И у него забрезжила новая надежда.
— Не убивайте меня, — попросил он. — Доведите меня до города, я получу деньги и дам вам выкуп двадцать тысяч. Не прогадаете.
— Гм, — буркнул Доротео, но, подумав, сказал: — Еще заманишь нас в ловушку, и мы вместо банка угодим в полицию… Хватит с нас и того, что у тебя в тюках…
Трава была высокая и колкая, равнина сияла на солнце. Иногда черно-красный булыжник, точно гигантская бородавка, вырастал на лице равнины. Вдалеке вереницей шествовали горы. Вдруг показалось болото, и отряд направился прямо к нему. Неужто они хотят его утопить? Волшебник подумал, что лучше уж умереть под пулями, чем глотать грязь, но, быстро оглянувшись, увидел, что Белый уже разматывает лассо и синие глаза, мрачные, как само болото, пронизывают его насквозь. Они уже подходили к черной топи, где мерцала грязная вода. В середине было довольно глубоко, и вода там даже отливала чистой голубизной. На берегу валялись белые кости и череп — останки коровы, сунувшейся сюда в надежде напиться. Стервятники, пожравшие добычу, разносили кости по равнине. Волшебника затошнило, его охватил леденящий страх. Трое бандитов стояли у него за спиной, и он, обернувшись, умоляюще взглянул на них.
— Входи! — крикнул Доротео.
— Пристрелите меня лучше… — взмолился он.
— Входи, говорят тебе! Кондоруми, слезь-ка да отруби ему руки, если он не хочет окунуться…

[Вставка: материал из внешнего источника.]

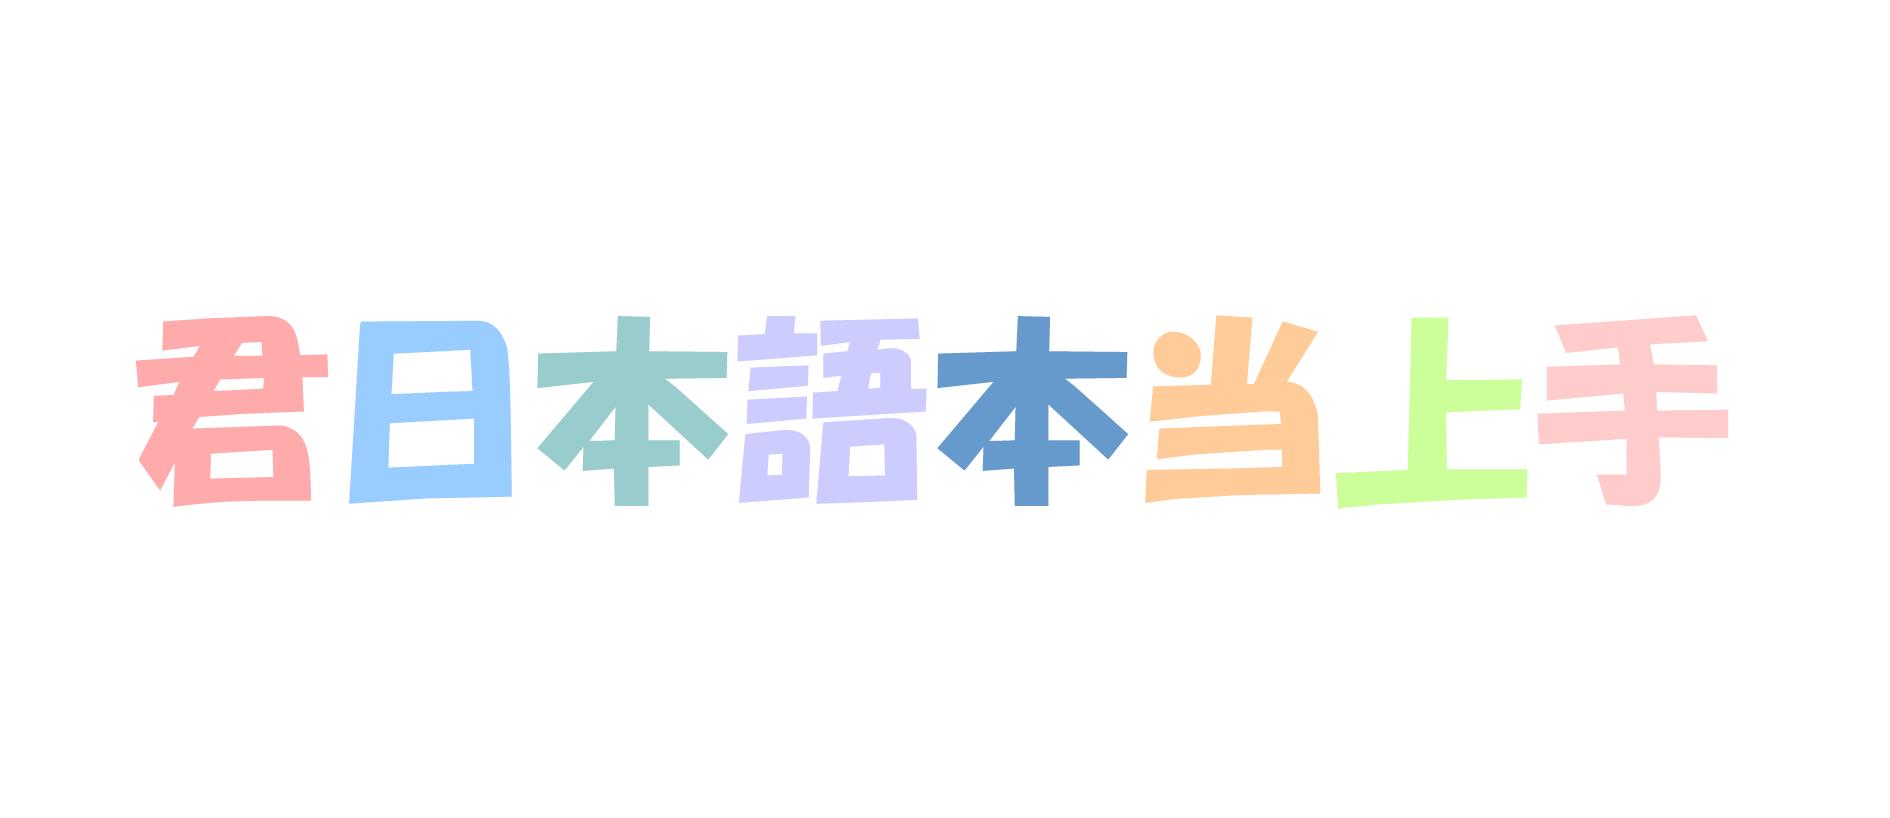 日本语一类形容词与二类形容词的区别

Кондоруми спешился, взмахнул мачете и приблизился к Волшебнику. Торговец, весь дрожа, полез в тину. Его длинное тело в желтоватом костюме погружалось все глубже, а обезумевшие глаза глядели то на топь, то на людей и не находили утешения. Люди смотрели на него с жестокой радостью, топь делалась все мягче и жадней. Торговец остановился, но болото засасывало его, и он погрузился по пояс. Повернуть назад он не смел, да и не смог бы: топкая грязь сковала ему ноги, и любое движение еще больше губило его. Доротео подумал, что шляпа торговца не утонет и останется уликой.
— Сними шляпу, — приказал он, — и утопи.
В полном отчаянии Волшебник снял белую соломенную шляпу и сунул ее в воду, то ли надеясь своей угодливостью пробудить во врагах жалость, то ли просто слепо повинуясь им. Болото, зловеще чавкая, безжалостно тянуло его па дно. Он в последний раз взглянул на бандитов, хотел что-то сказать и не смог — так дрожали у него губы.
— Прощай, — жестоко пошутил Белый.
Волшебник бил ладонями по тине в детской надежде на спасение. И вдруг, когда он погрузился до самых плеч, ноги его коснулись чего-то твердого — камня или более плотной глины. Увидев, что он больше не тонет, бандиты переглянулись. Будь он пониже, вода дошла бы ему до ноздрей, а так на поверхности торчала еще вся голова. Лицо его побелело, как у мертвеца, лишь глаза жутко светились. Он уже не дрожал, нервы были парализованы.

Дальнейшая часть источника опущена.